Penghasilan Tidak Kena Pajak (PTKP)  
      PTKP adalah Penghasilan Tidak Kena Pajak yang merupakan batas minimal Penghasilan Wajib Pajak Orang Pribadi yang tidak dikenakan pajak, artinya bila Wajib Pajak Orang Pribadi mempunyai penghasilan netto dibawah PTKP, maka penghasilannyat tidak dikenakan pajak begitupun sebaliknya.
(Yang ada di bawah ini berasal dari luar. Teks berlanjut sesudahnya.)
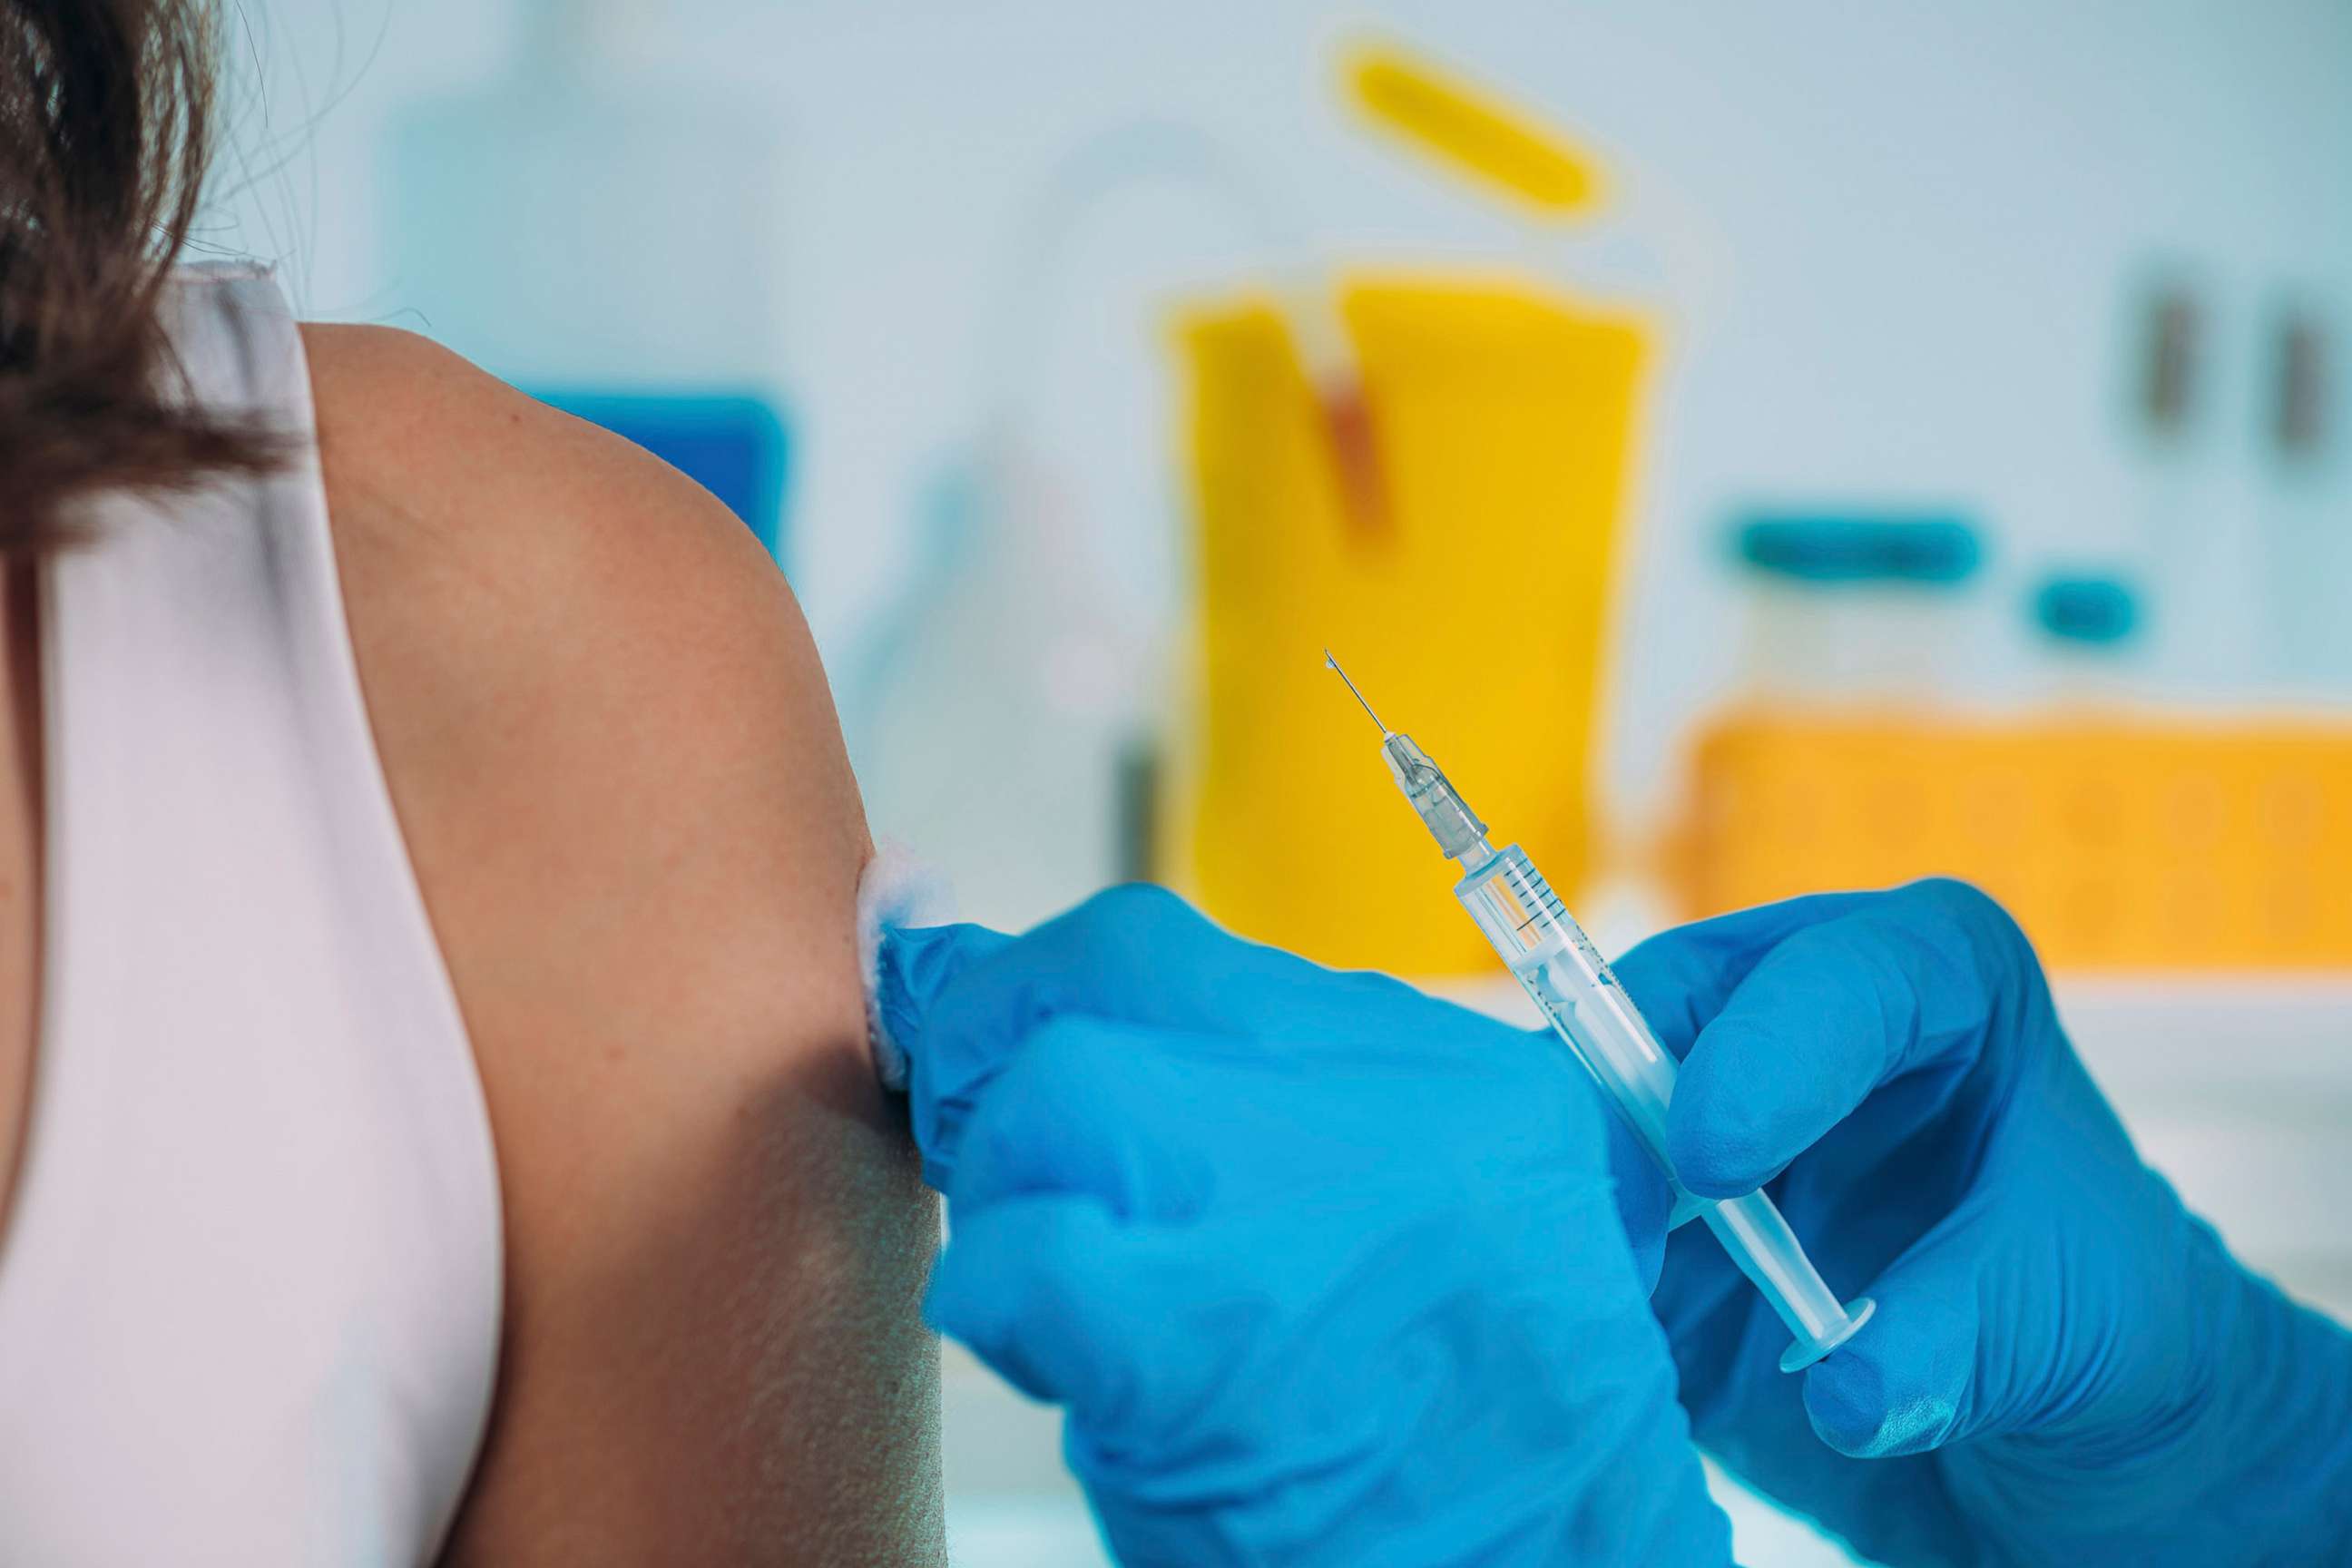 PHOTO: A vaccine is being administered by a medical professional in this stock image.

Penghasilan netto adalah penghasilan kotor setelah dikurangi dengan biaya-biaya.
PTKP  untuk Perhitungan Pajak Penghasilan Wajib Pajak (WP) Orang Pribadi (OP).
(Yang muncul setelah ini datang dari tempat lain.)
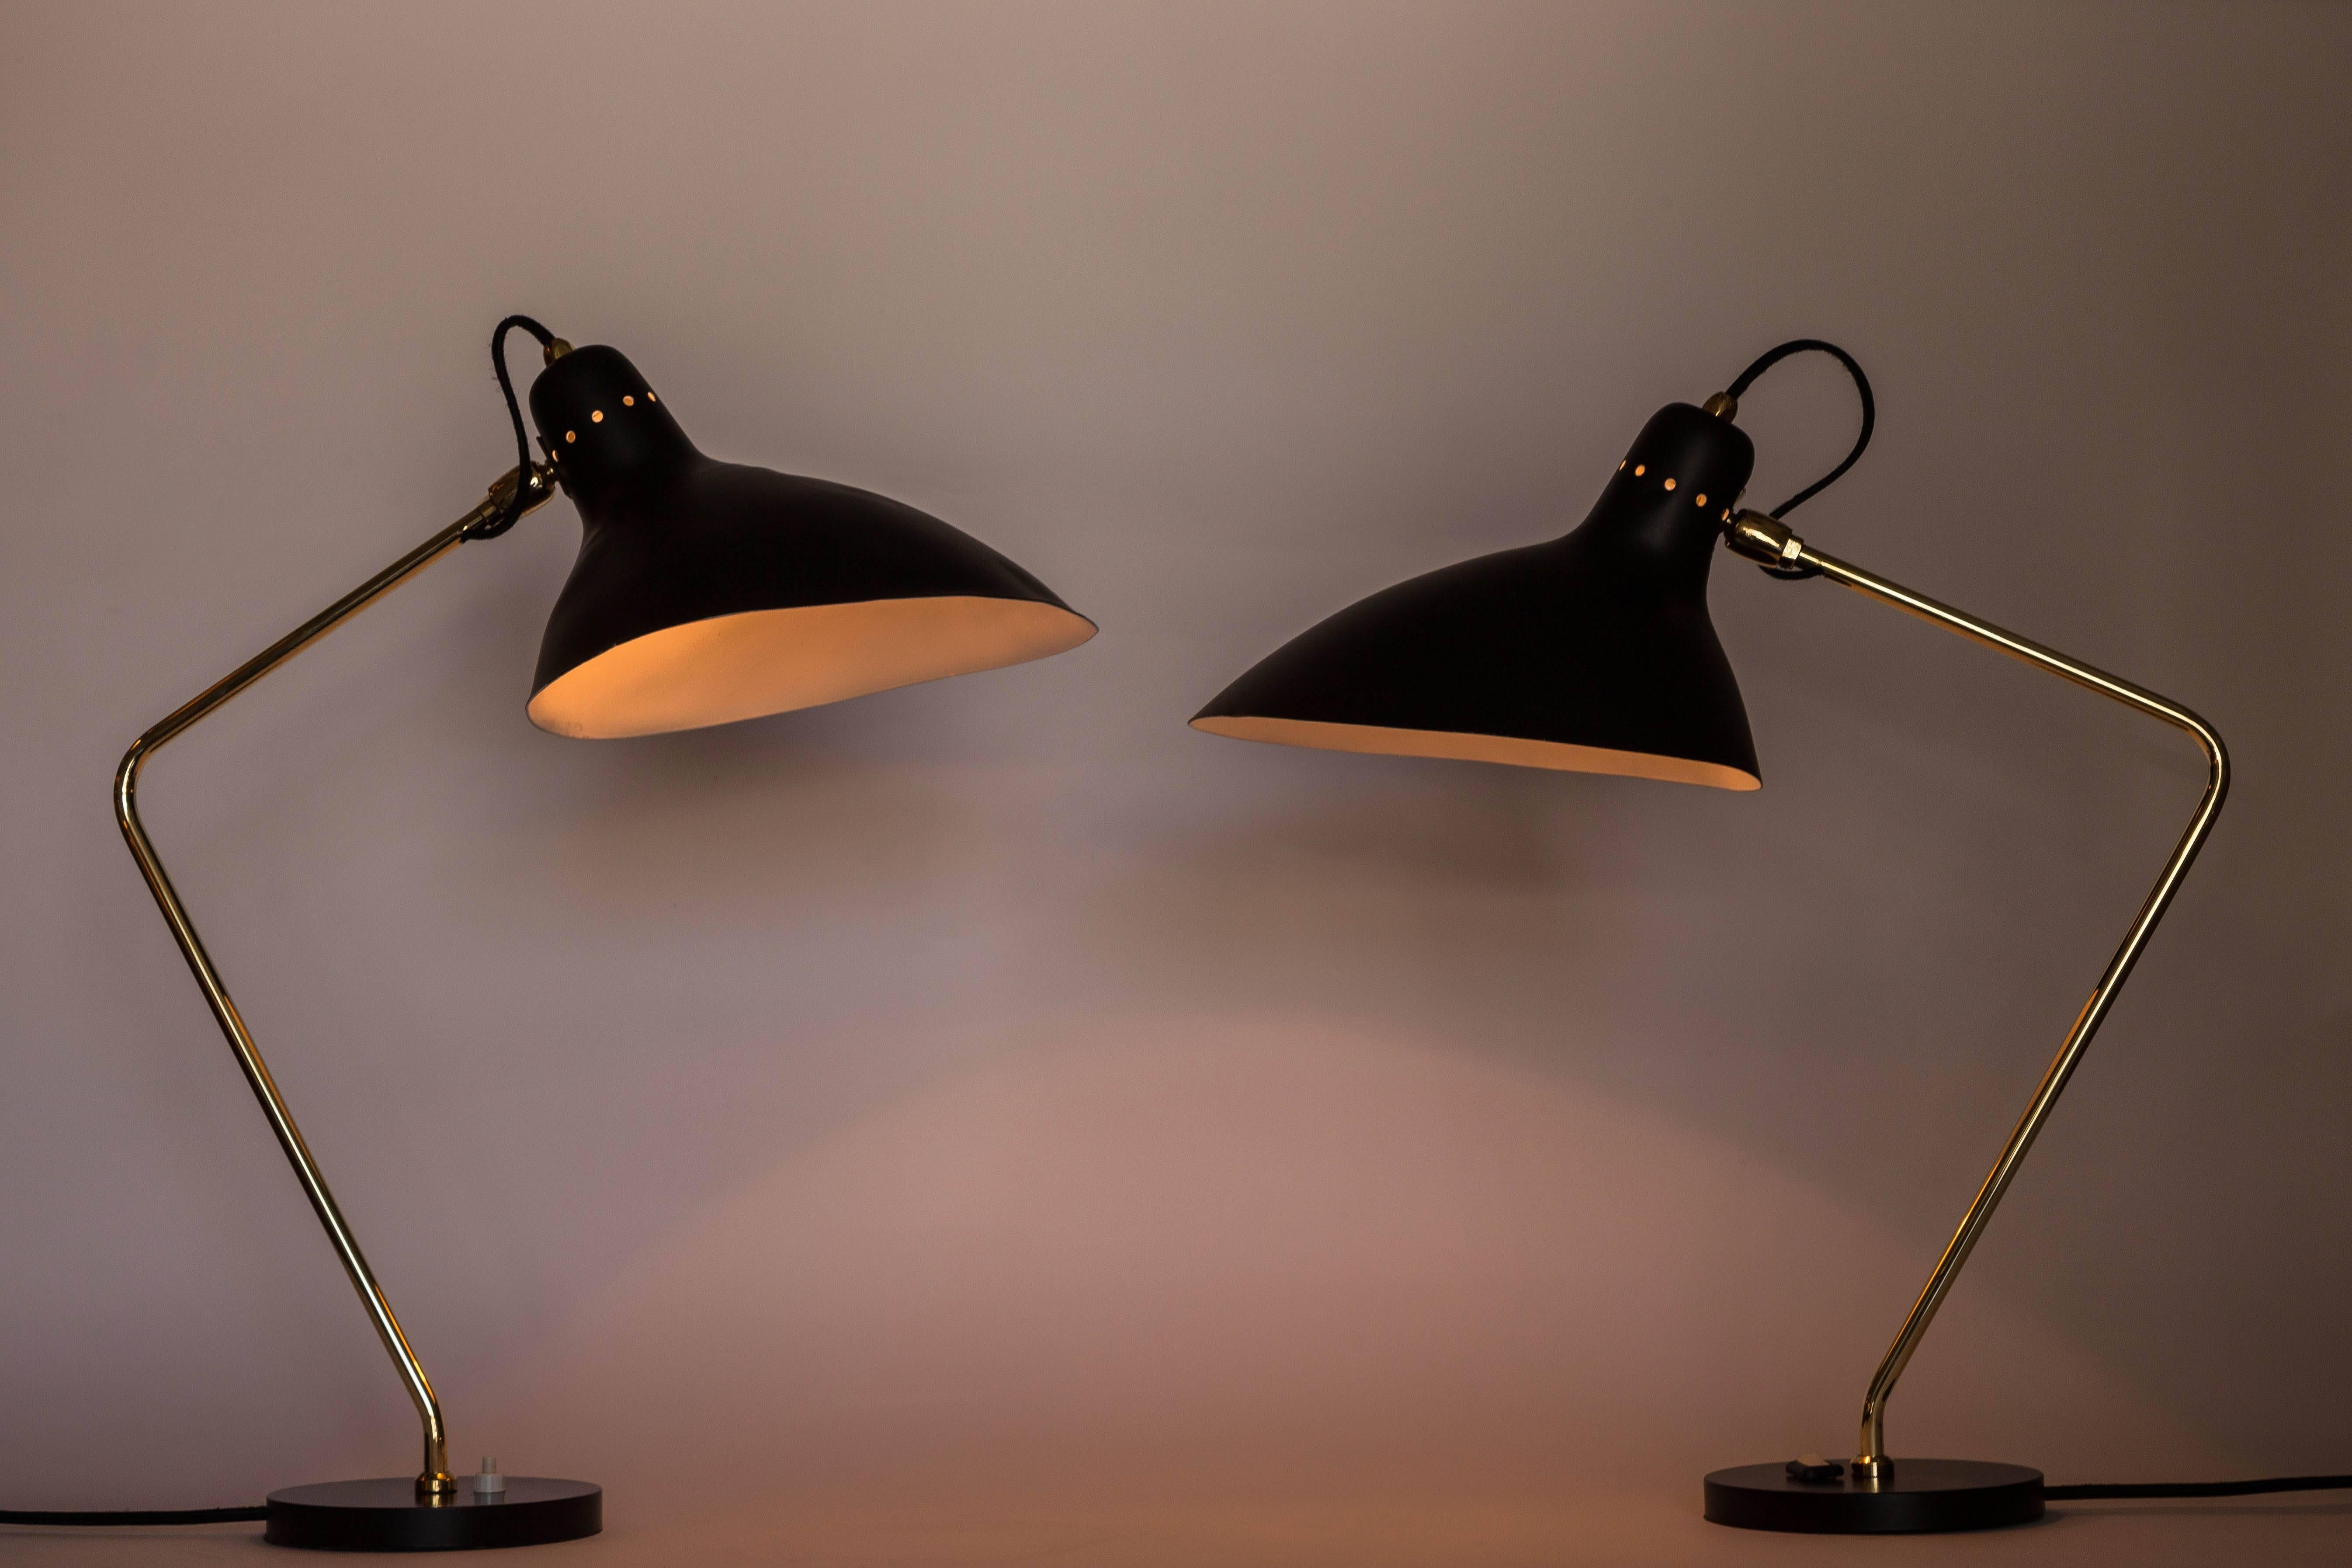 Pair of 1950s Boris Lacroix table lamps. These rare and elegant table lamps are executed in black metal and brass, France, circa 1950s. A celebrated Art Deco lighting designer who successfully made the transition to Mid-Century Modern idiom, Jean

  • Rp 15.840.000 / tahun untuk diri WP OP itu sendiri;
  • Rp 1.320.000 / tahun tambahan Status  Kawin;
  • Rp 15.840.000 / tahun tambahan untuk Seorang Isteri yang Penghasilannya Digabung dengan Penghasilan Suami
  • Rp 1.320.000 / tahun tambahan untuk setiap Anggota Keluarga Sedarah dan Keluarga Semenda dalam Garis Keturunan Lurus serta Anak Angkat, yang menjadi tanggungan sepenuhnya, maksimal 3 (tiga) tanggungan untuk setiap keluarga. Yang termasuk Keluarga Sedarah dalam Garis Keturunan Lurus adalah Anak Kandung, Ibu Kandung, Kakek / Nenek & Cucu dari WP yang secara ekonomis menjadi tanggungan WP. Sedangkan Anggota Keluarga Semenda dalam Garis Keturunan Lurus adalah Mertua, anak tiri dari isteri WP yang secara ekonomis tergantung pada WP.
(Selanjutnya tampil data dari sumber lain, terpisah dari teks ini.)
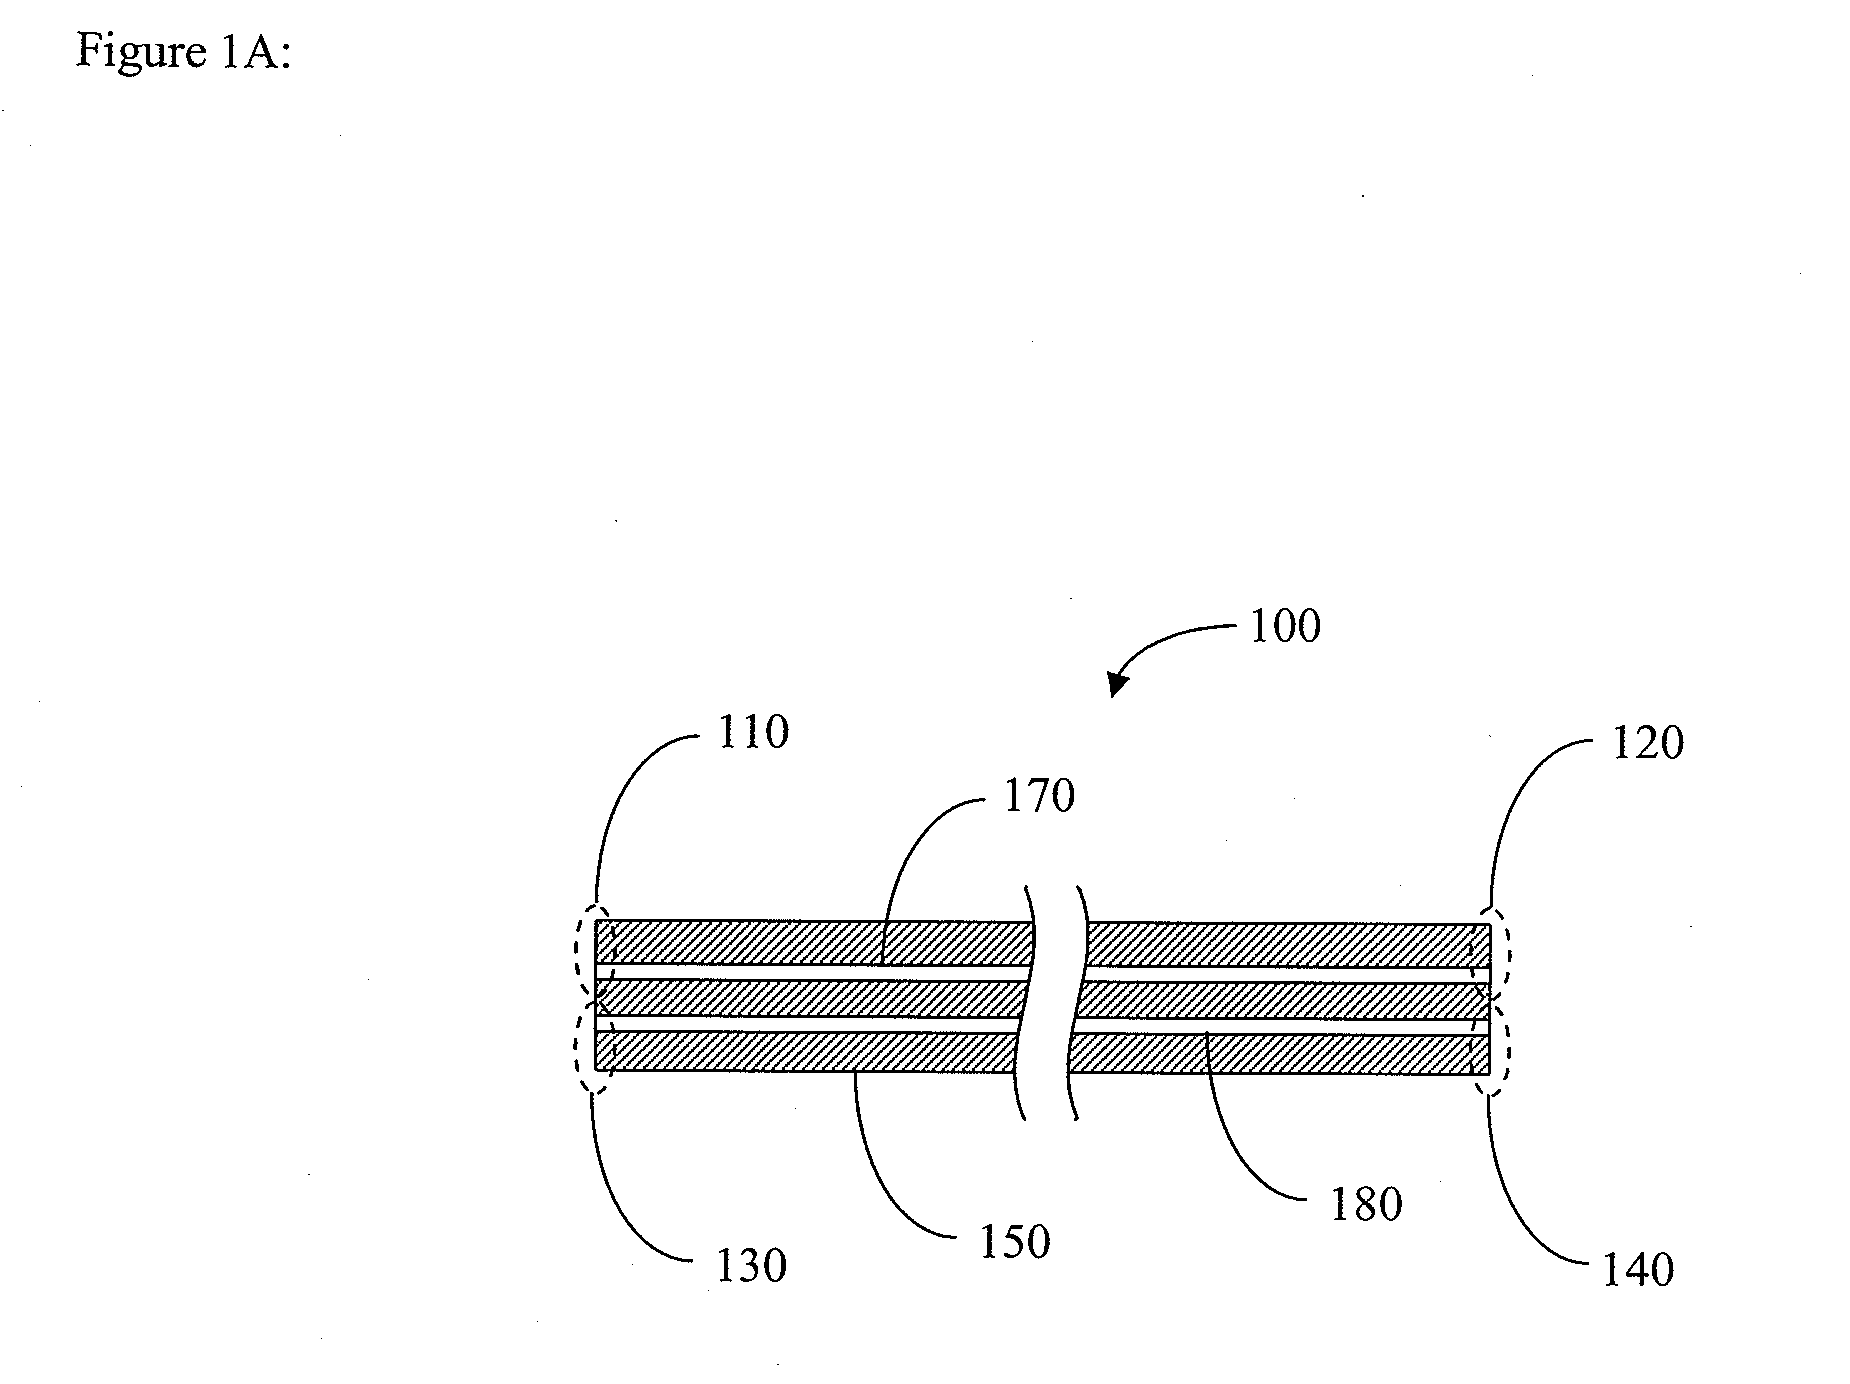 Multiple-core photonic-bandgap fiber with coupling between the cores

 Contoh Penghitungan PTKP :
1.Seorang WP laki-laki sudah menikah mempunyai empat anak yang belum bekerja, dan satu tanggungan adik kandung yang cacat. Maka besarnya PTKP WP tersebut sebagai berikut :
§  WP itu sendiri               Rp. 15.840.000
§  Status Kawinnya           Rp.   1.320.000
§  Tanggungan satu           Rp.  3.960.000
§  Total PTKP (K/3)        Rp. 21.120.000
Keterangan : Adik kandung tidak diperhitungkan karena keturunan kesamping dengan WP.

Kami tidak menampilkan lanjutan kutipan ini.